Amazon RDS
Amazon Relational Database Service (RDS) makes it easy to set up, operate, and scale relational databases in the cloud. It handles routine database tasks like provisioning, patching, backup, recovery, and scaling.
Supported Engines
| Engine | Notes |
|---|---|
| PostgreSQL | Our preferred choice for most applications |
| MySQL | Widely supported, good community |
| MariaDB | MySQL-compatible, open-source focused |
| Oracle | Enterprise workloads, licensing options |
| SQL Server | Microsoft ecosystem integration |
| Aurora | AWS's cloud-native MySQL/PostgreSQL compatible |
Key Features
- Automated backups: Point-in-time recovery up to 35 days
- Multi-AZ deployments: Automatic failover for high availability
- Read replicas: Scale read workloads and provide disaster recovery
- Encryption: At-rest encryption via KMS
- Performance Insights: Database performance monitoring
RDS vs Aurora
| Aspect | RDS | Aurora |
|---|---|---|
| Performance | Standard | 3-5x MySQL, 2x PostgreSQL |
| Storage | EBS-based | Distributed, auto-scaling |
| Replication | Async | Low-latency, up to 15 replicas |
| Failover | 60-120 seconds | ~30 seconds |
| Cost | Lower baseline | Higher, but often better value |
What We Like
- Managed operations: No more late-night patching
- Reliability: Multi-AZ provides excellent uptime
- Familiar: Standard database engines, standard SQL
- Security: VPC isolation, encryption, IAM authentication
What We Don't Like
- Less control: Can't access the underlying OS
- Cost: More expensive than self-managed for large deployments
- Scaling limits: Vertical scaling requires downtime (Multi-AZ helps)

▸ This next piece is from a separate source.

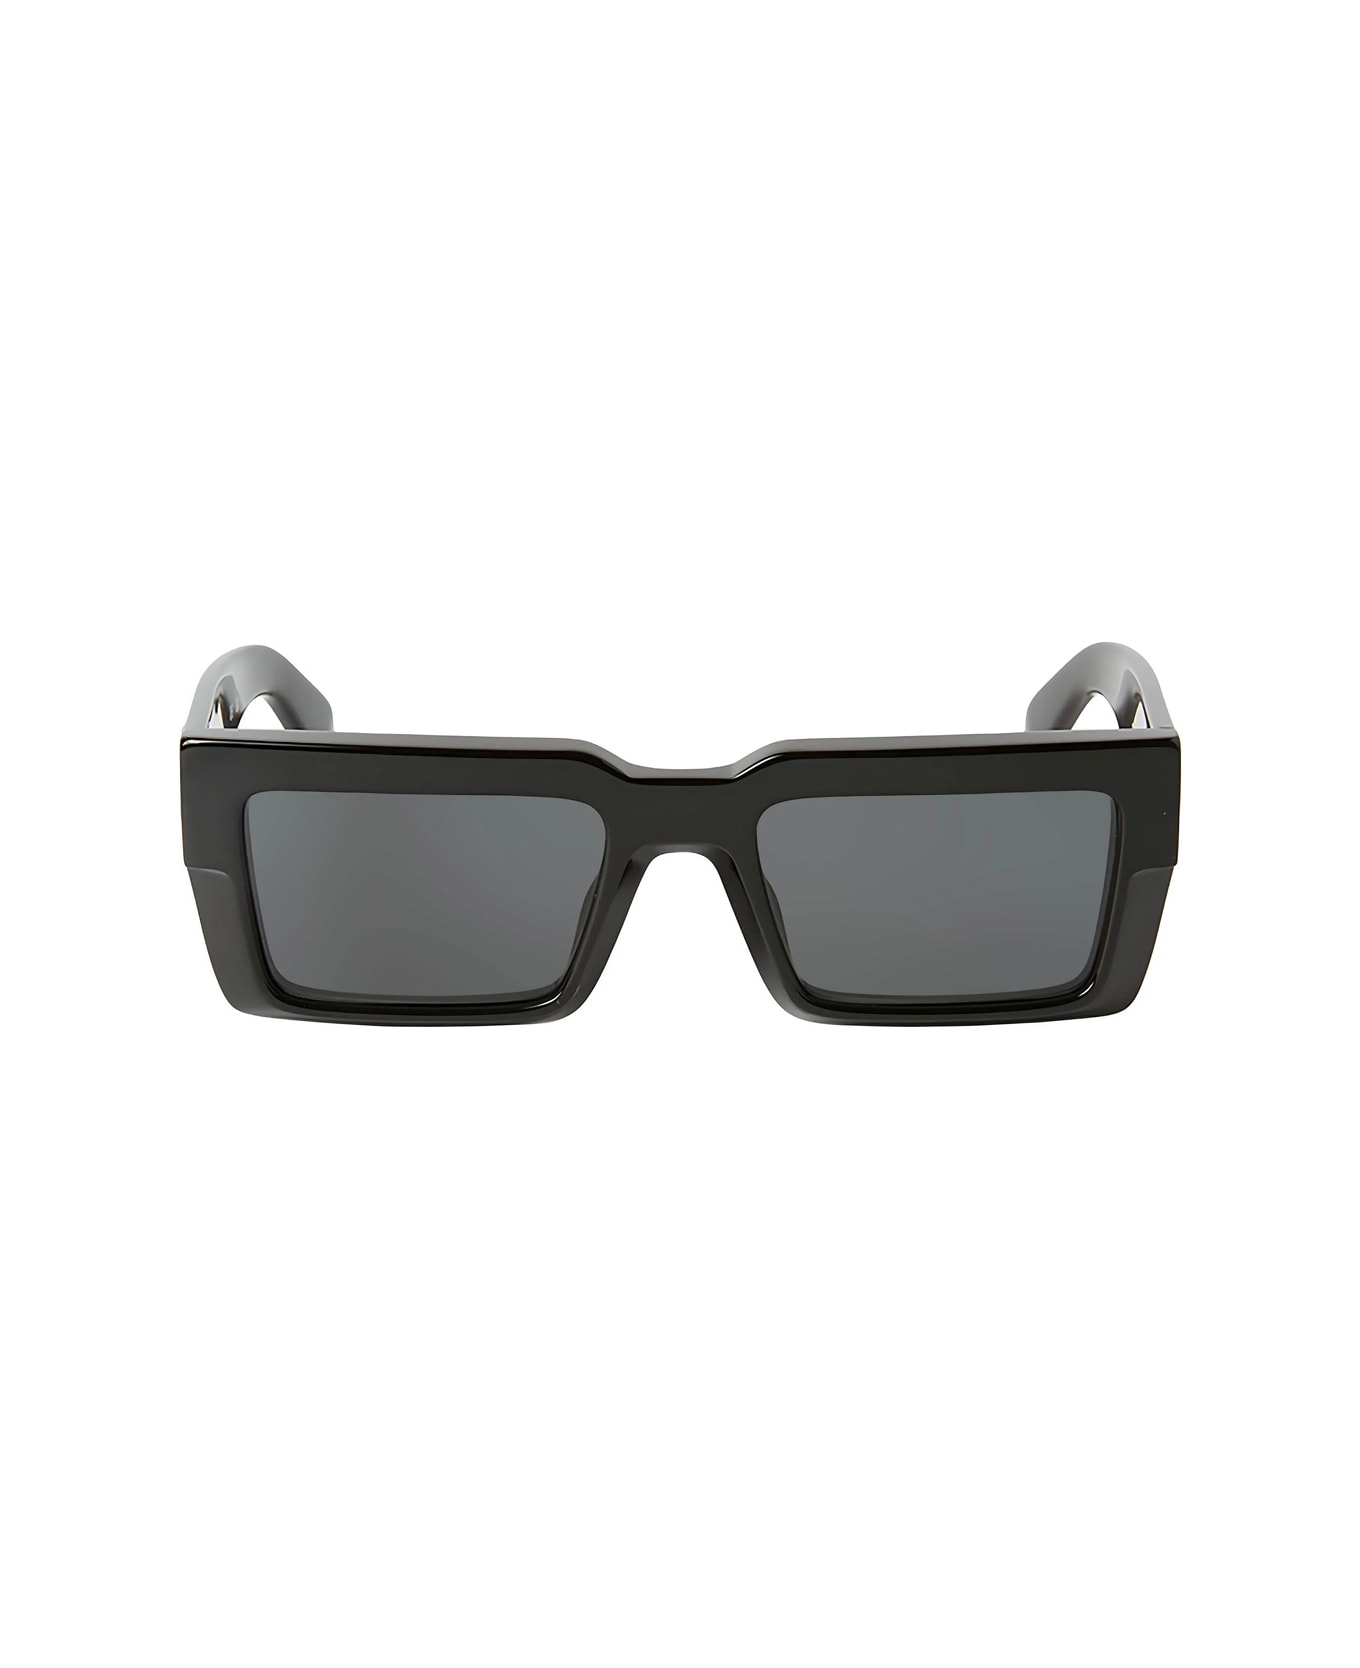 Off-White Oeri114 Moberly 1007 Black Sunglasses - Nero

- Aurora migration: Moving from RDS to Aurora can be complex
When to Use RDS
RDS is ideal when:
- You need a traditional relational database
- You want managed operations without infrastructure concerns
- Your workload fits a single database instance (with read replicas if needed)
For massive scale or complex access patterns, consider DynamoDB. For analytics, consider Athena or Redshift.